Of course, we helped as much as we could by:
Moving sessions to Redis
Modifying code to make it more efficient
Adding DB cache
Pop new servers, and have a bigger cluster
Unfortunately, it still could not handle the load, even if we had some big improvements, and it cost a fortune to host!!!
So this year, they asked us to deliver a brand new solution, and we did!
Kalvad's Power
We had some metrics from the previous launch, so we knew what to expect.
We decided to not follow the same pattern of programming at all:
We hate PHP, we think it's outdated, and that nobody should use it in 2021
We love the planet Earth, so we don't want to spend more energy and money than required
We wanted something fast enough to answer in less than 10ms even with a high-traffic
Changing paradigm
Our first idea was to change the paradigm: no more big PHP cluster, welcome Hugo!
Hugo is one of the most popular open-source static site generators. With its amazing speed and flexibility, Hugo makes building websites fun again.
Why? Because we didn't need the big guns:
The donation amount could just be a separate API
The payment platform that we used was amazing (SmartDubai), as it's only based on redirections
If you want to reduce your exposure for security, why would you have more dynamic content, when you can just generate some HTML, CSS and JS without any security holes?
We still needed an API, so we chose an amazing language and framework: Elixir and Phoenix.
Elixir is a dynamic, functional language for building scalable and maintainable applications.

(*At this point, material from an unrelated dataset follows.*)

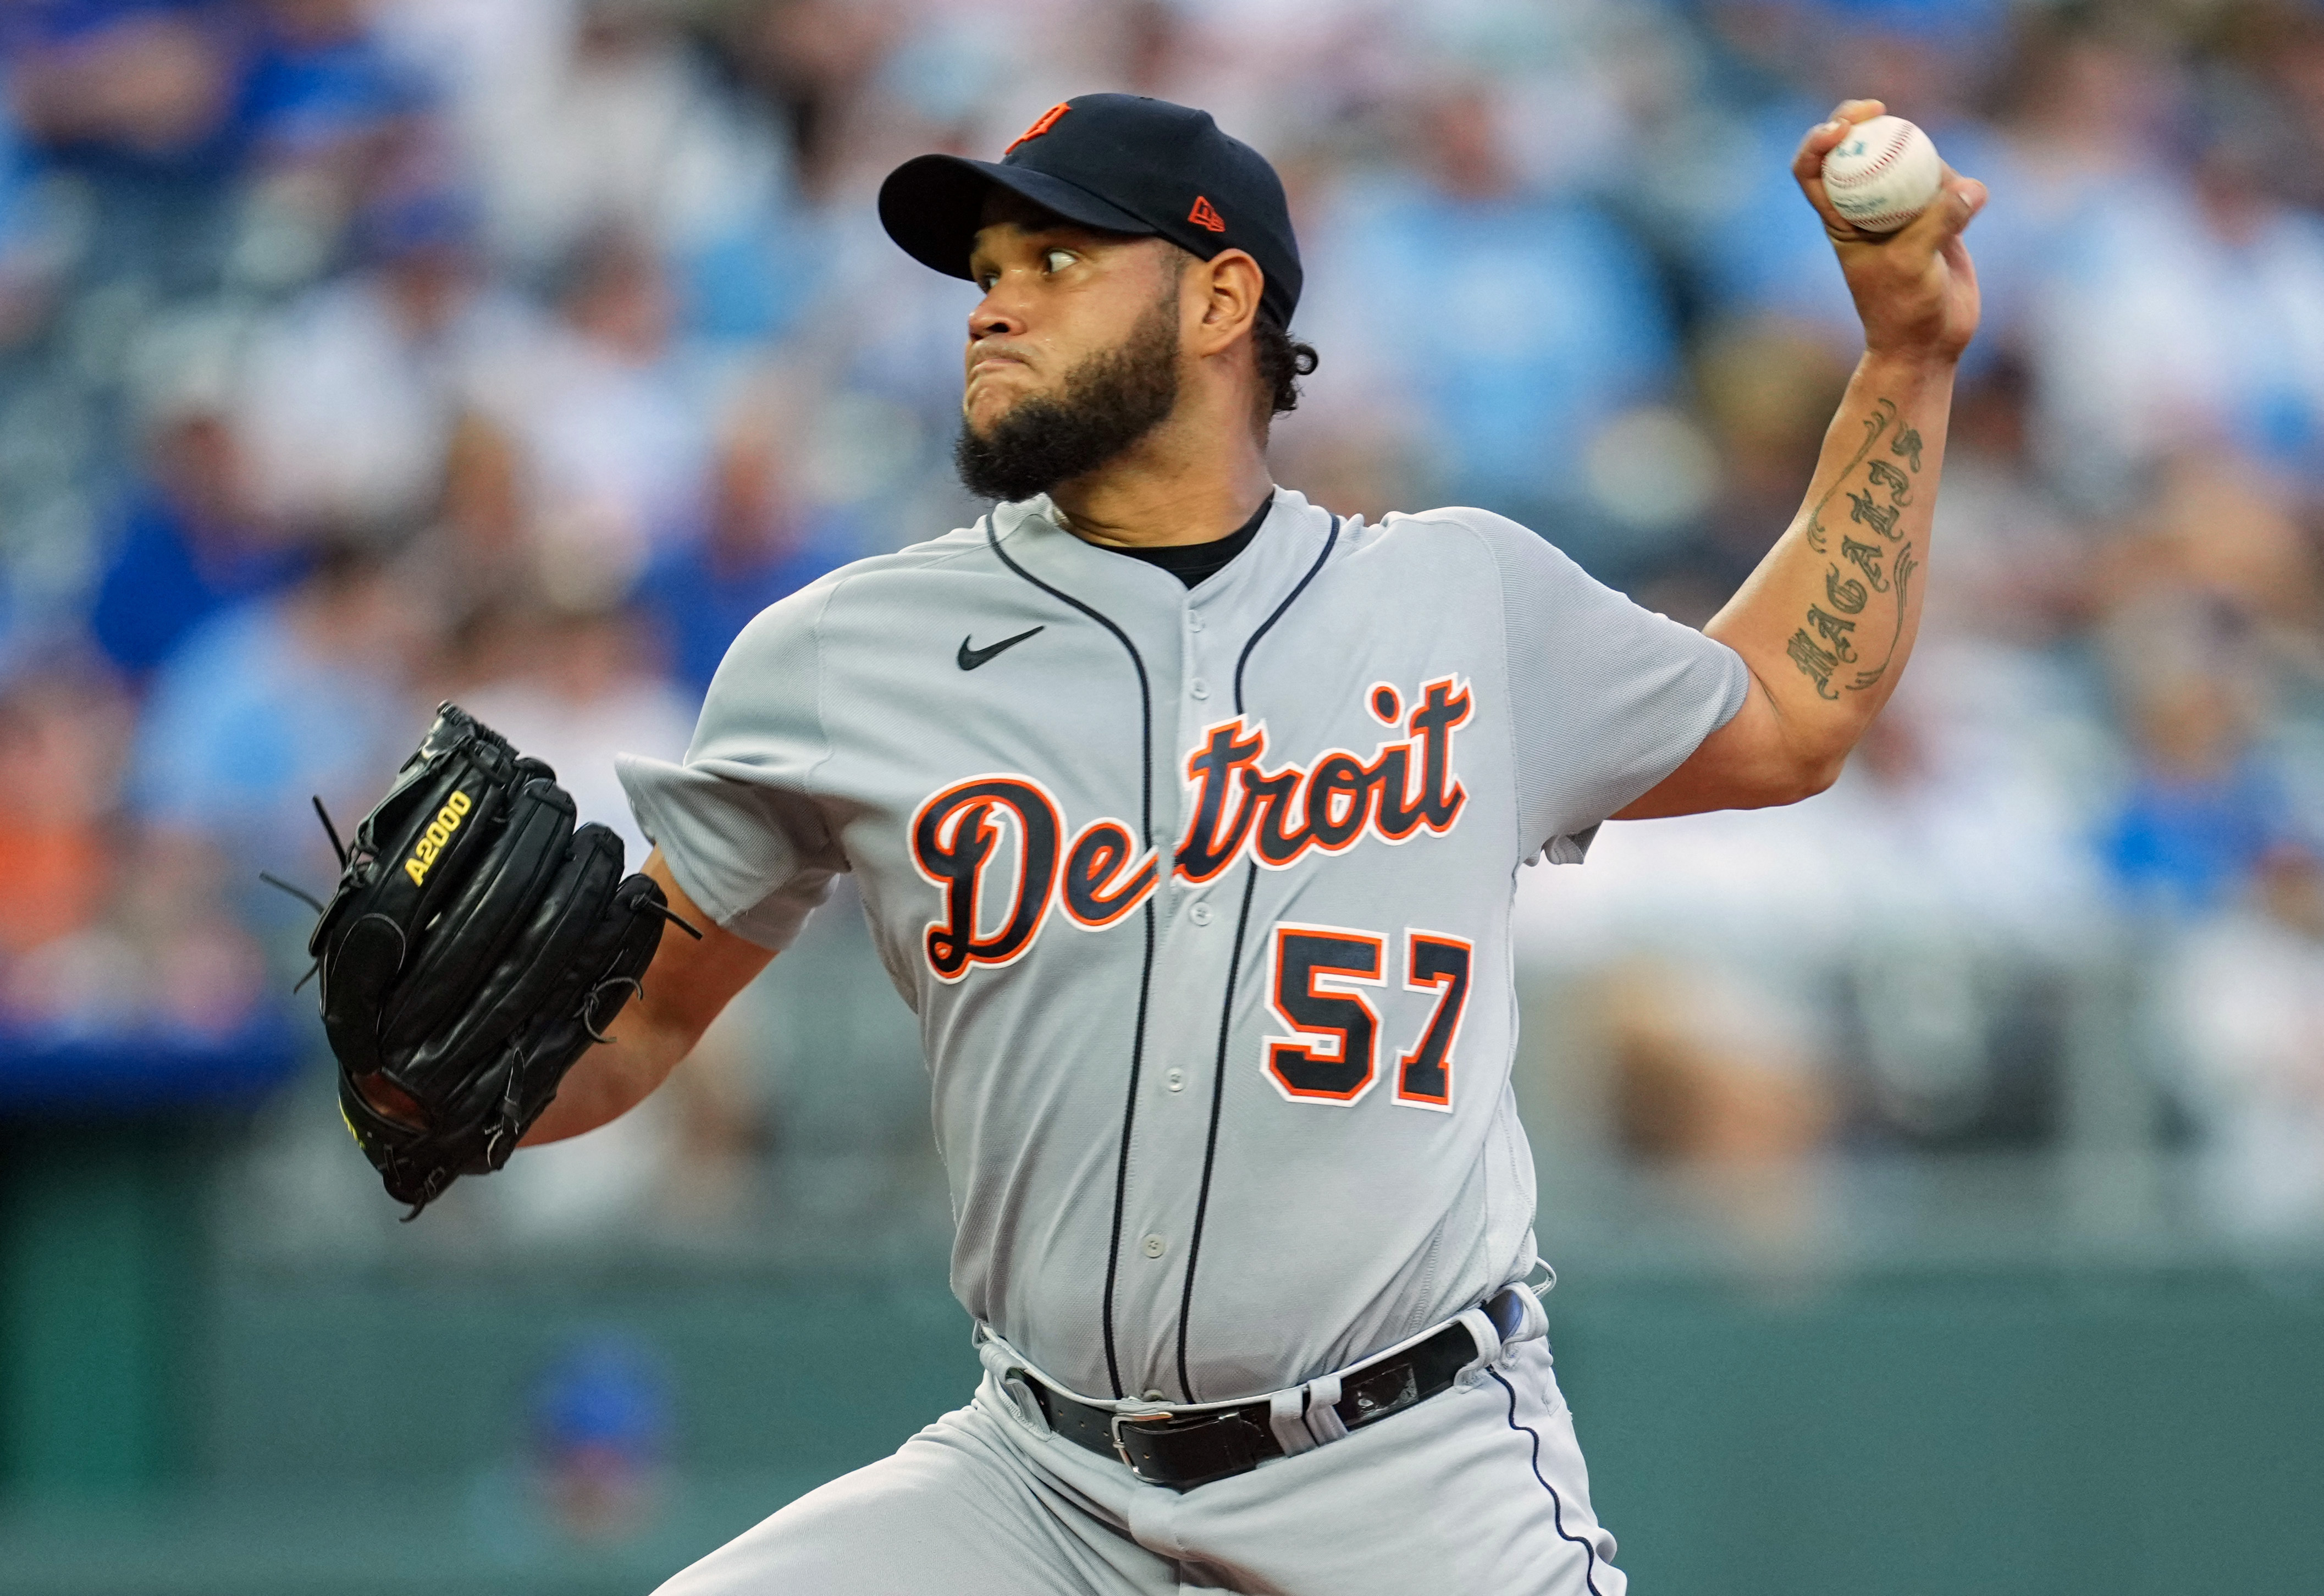 KANSAS CITY, MO - MAY 23: Detroit Tigers right fielder Matt

Elixir leverages the Erlang VM, known for running low-latency, distributed, and fault-tolerant systems. Elixir is successfully used in web development, embedded software, data ingestion, and multimedia processing, across a wide range of industries
Why we didn't choose Go, Rust, or Java?
Elixir has a very clear syntax for a functional programming language (Hello Rust)
OTP aka Erlang VM is, according to us, one of the most impressive pieces of software in our industry
Phoenix is inspired by Ruby On Rails, so the syntax is very easy and you can go from prototype to production very fast
OTP is super reliable, even under heavy load
This schema represents the default configuration, but as we deployed all our applications on Clever Cloud, we had auto scalability in place (we were able to go to up to 40 servers per cluster, each with 16 CPU and 32GB RAM).
We wanted to prove the performance of the system, so we did a load test with an amazing tool: locust (an article is already in progress to explain how we use it, which should be released soon TM).
Long Story Short: We were able to handle 10 million users during our load test, doing each request per second on the homepage, without any downtime.
Real Numbers
Static Website (Hugo)
We got 22 million visitors in the first 10 minutes.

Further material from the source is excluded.